Nonparametric and parametric parts in semiparametric credit scoring I am confused about "parametric" and "non-parametric":
Our topic is nonparametric estimators for probability of default. So first of all, we  consider the generalized linear models, as an example we have probit and logit:
$\pi (x)=G(\beta_0 +\sum \beta_i x_i)$
These generalized linear models are parametric models right? They are parametric, since we have parameters beta, which have to be estimated.
Next we consider  semiparametric credit scoring, the generalized partial linear model:
$E(Y|X,T)=G(\beta ' X + m(T))$
m(.) is e.g. a Kernel, a smooth function
So the parametric term is again the beta ' x and the non-parametric is the kernel, right? 
 A: In statistical inference, the terms parametric, semi-parametric, and non-parametric refer to the assumptions necessary for inference to be valid. For instance, the T-test is a non-parametric test for differences in means. This is because the asymptotic sampling distribution of the test-statistic has a normal distribution by the central limit theorem (so there are mild regularity constraints on our probability model for observed data, such as having finite variance). 
A parametric test requires assumptions about the probability model for inference to be correct. As you mentioned, many of the GLMs use the mean-variance relationship determined by the link function (and it's relationship to data generating mechanisms for observed data) to improve  inference efficiency. Correct assumptions about the probability model for the observed data is a sufficient condition to get more efficient inference relative to non-parametric approaches. When robust standard errors are used (a special case of the GEE), this becomes a semi-parametric approach. The GEE requires only that the mean model is correct to have correct inference (the mean-variance relationship could have been misspecified, but asymptotically, the 95% confidence intervals for the sampling distribution of the test statistic will be correct).
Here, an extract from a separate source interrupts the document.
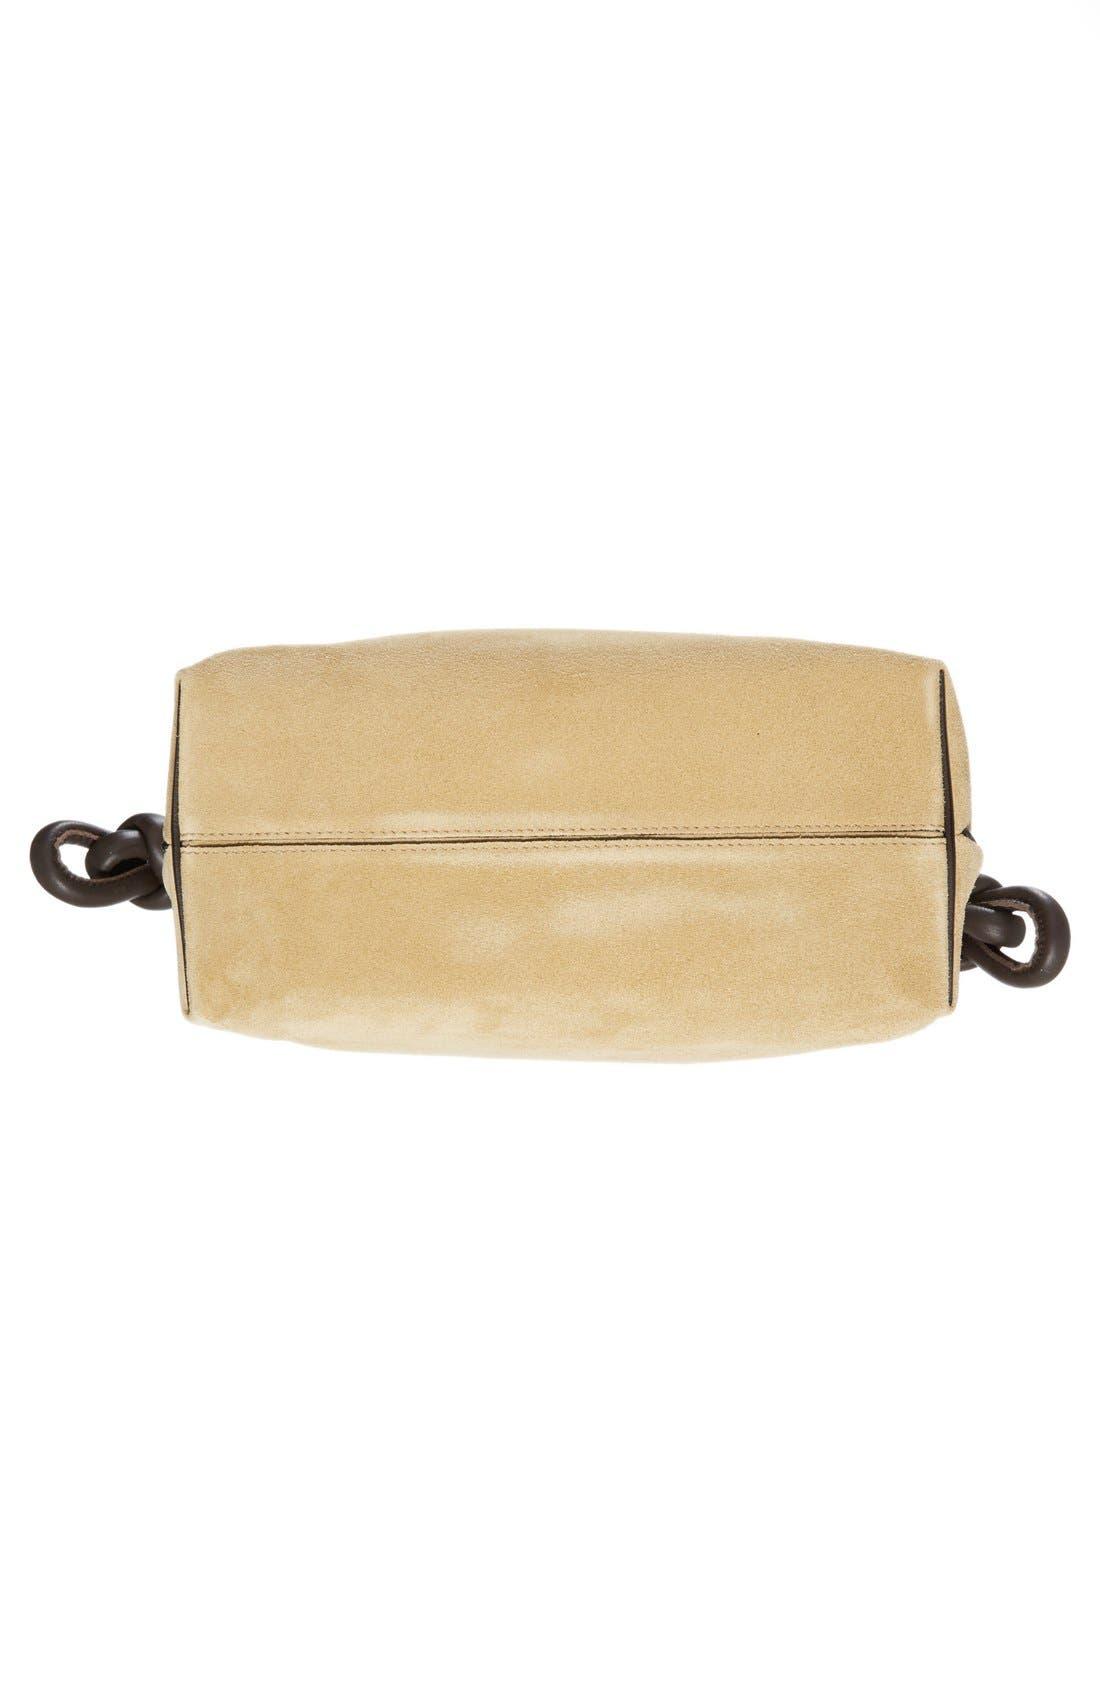 'Flamenco Knot' Suede & Calfskin Leather Bag,                             Alternate thumbnail 6, color,                             250

The model you've written up there is an example of a semi-parametric modeling approach. The $m(T)$ can be estimated iteratively using the EM algorithm, or depending on the link function $G(\cdot)$ can be factored into a partial likelihood like with the Cox proportional hazards model.
A: 
So the parametric term is again the beta ' x and the non-parametric is the kernel, right?

Correct. It's called "nonparametric" because, rather than trying to fit the trend for $T$ using fixed terms like a polynomial or a spline (or cutting it into bands), you're letting the data determine the fit for you. In practice, you do still have some parameters which control how the trend is to be fitted: the bandwidth of the kernel, in this case. A large bandwidth means the fitted curve will be fairly smooth, so it won't be heavily influenced by random noise. The tradeoff is that it may oversmooth the underlying trend, meaning it could miss points where it changes slope or curvature. Conversely, a small bandwidth is more likely to pick up such features, but will also be more strongly affected by random noise.
In principle, any continuous variable that you fit in the parametric part can be replaced by a nonparametric fit. For example, you could fit a trend for age, or income, the same way as you do for $T$. This lets you capture nonlinear behaviour in a data-driven way, ie you don't have to specify what sort of behaviour in advance. You could also handle this problem by cutting the variable into bands and modelling it as a nominal variable, but this is a statistically less efficient way of doing things.
These models are also called generalized additive models, a term which I think is more common than semiparametric modelling.